All of this is extremely important for the health of your internal organs. If you stop doing yoga and exercising in general, all these positive effects will soon fade away. While it doesn’t put you in any direct danger, not stimulating blood flow will result in lower hemoglobin and lower capacity of your organs and muscles to process oxygen, which is not a good thing, either.

Effects on Immune and Nervous Systems

Finally, the effects of reducing stress, improving focus, and generally achieving a state of harmony and balance also come from the physical processes in your body. Specifically, the impacts on the hypothalamus that regulates emotional responses.

Regular yoga practice’s significant influence on the hypothalamus results in more balanced responses to stress, reduced fear and anxiety, and more calmness and self-awareness that all contribute to your mental and physical well-being.

Optimizing emotional responses is great for your nervous system. What is more, it influences the immune system, too, making it stronger and more resistant to potential health issues.

If you stop doing yoga, you may find yourself more vulnerable to the harmful effects of stress which often result in low immunity. That’s because the inhibition of processes in the hypothalamus has to be consistent to ensure a stable result. 

Read my guide 6 Ways To Make Your Yoga Routine Actually Stick to help you with your routine.

Conclusion

The changes in your body happen on many different levels as you stop your regular practice. 

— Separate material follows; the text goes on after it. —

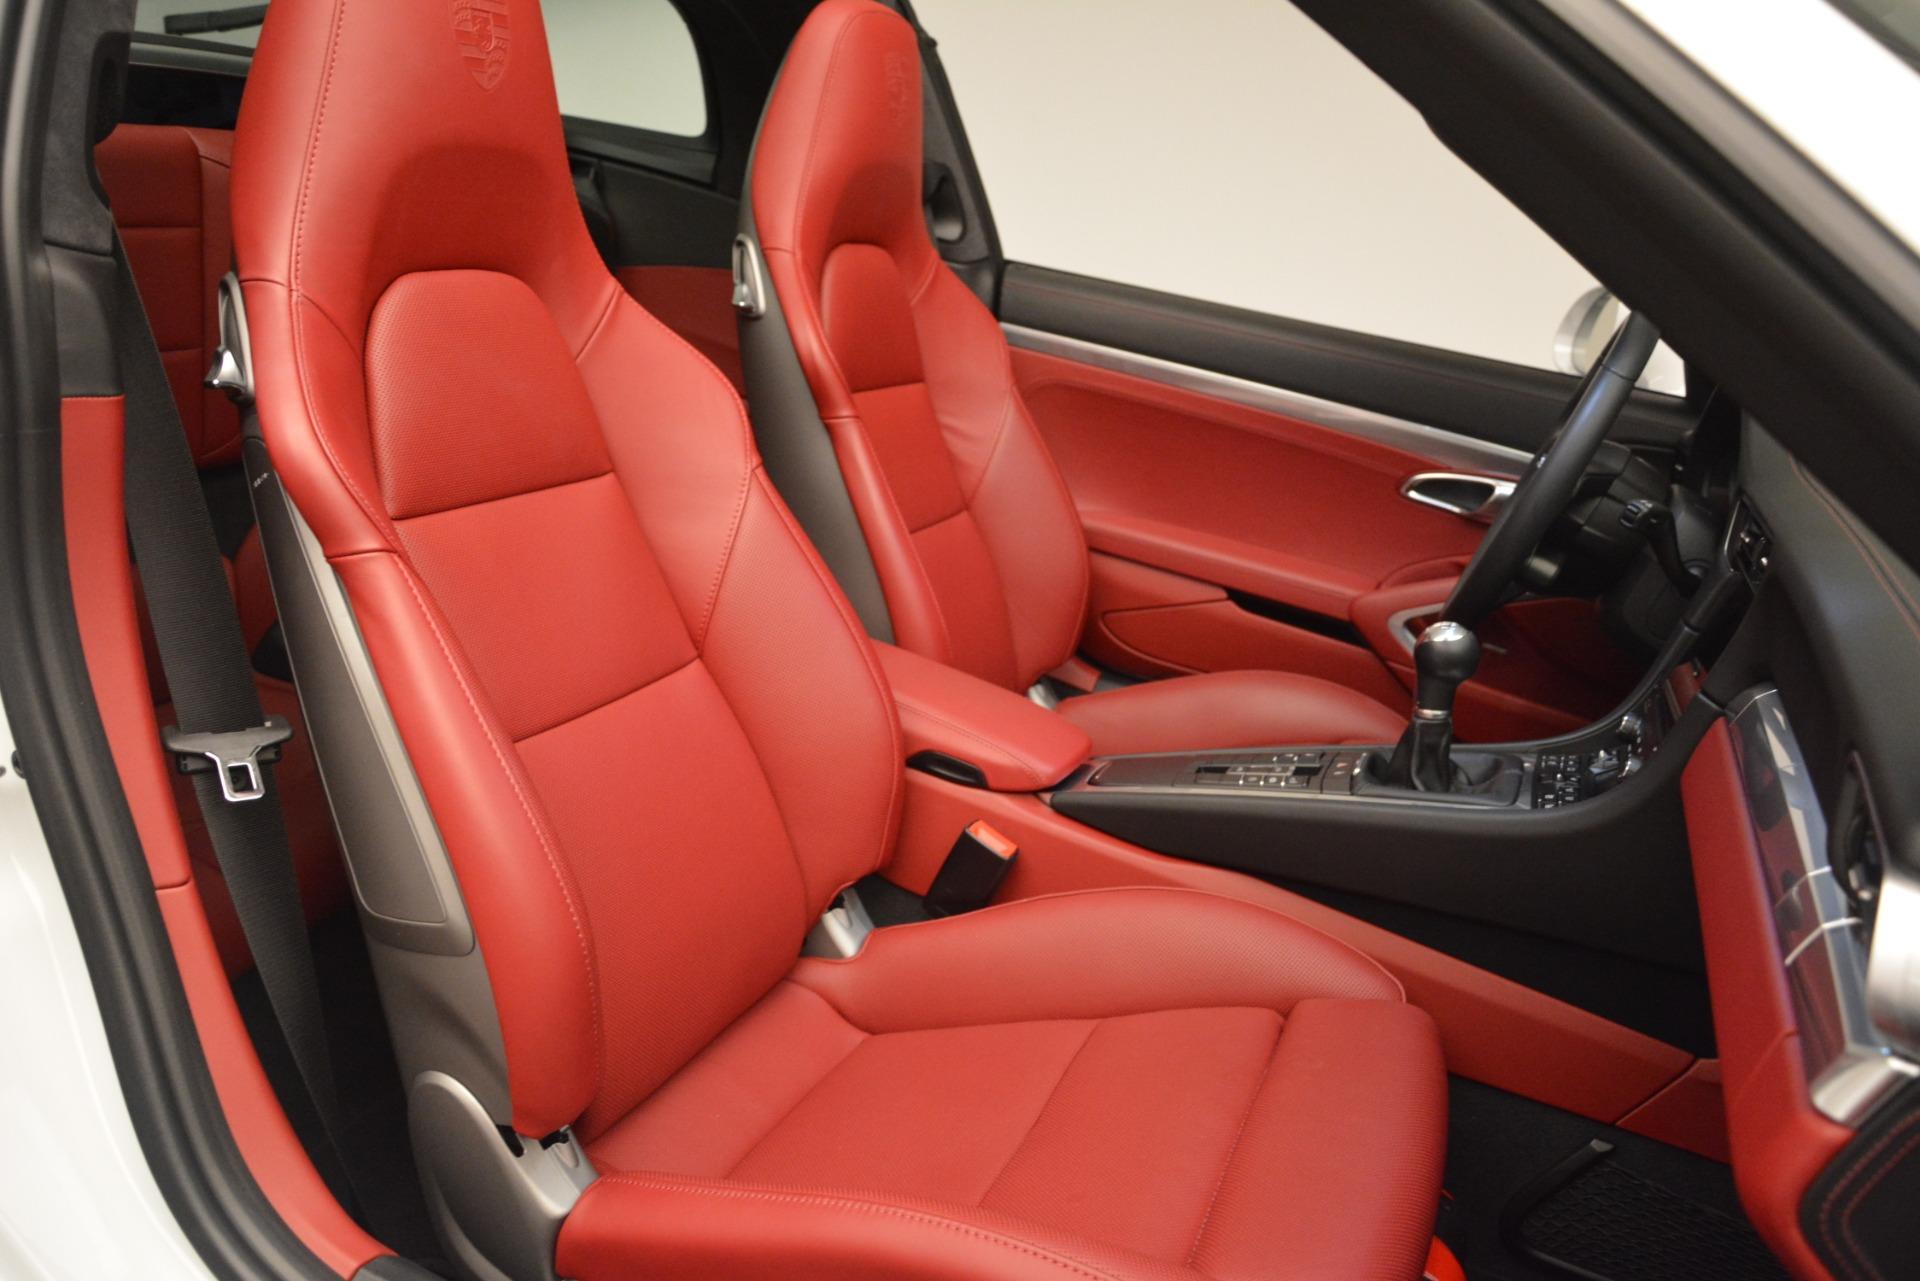 Used 2017 Porsche 911 Targa 4S For Sale In Greenwich, CT. Alfa Romeo of Greenwich, 7433 2593_p19

The most visible effect will be the weakening and shrinking of the muscles you built over time through consistent yoga sessions. If gaining muscle wasn’t your main goal, you may still find yourself having less energy and muscle tone without regular exercise.

You may also experience other changes in your body that will reflect on your overall well-being, including:

  • Reduced heart tone and endurance
  • Thicker blood
  • Reduced capability of internal organs to process oxygen
  • Low immunity
  • Increased vulnerability to stress and anxiety.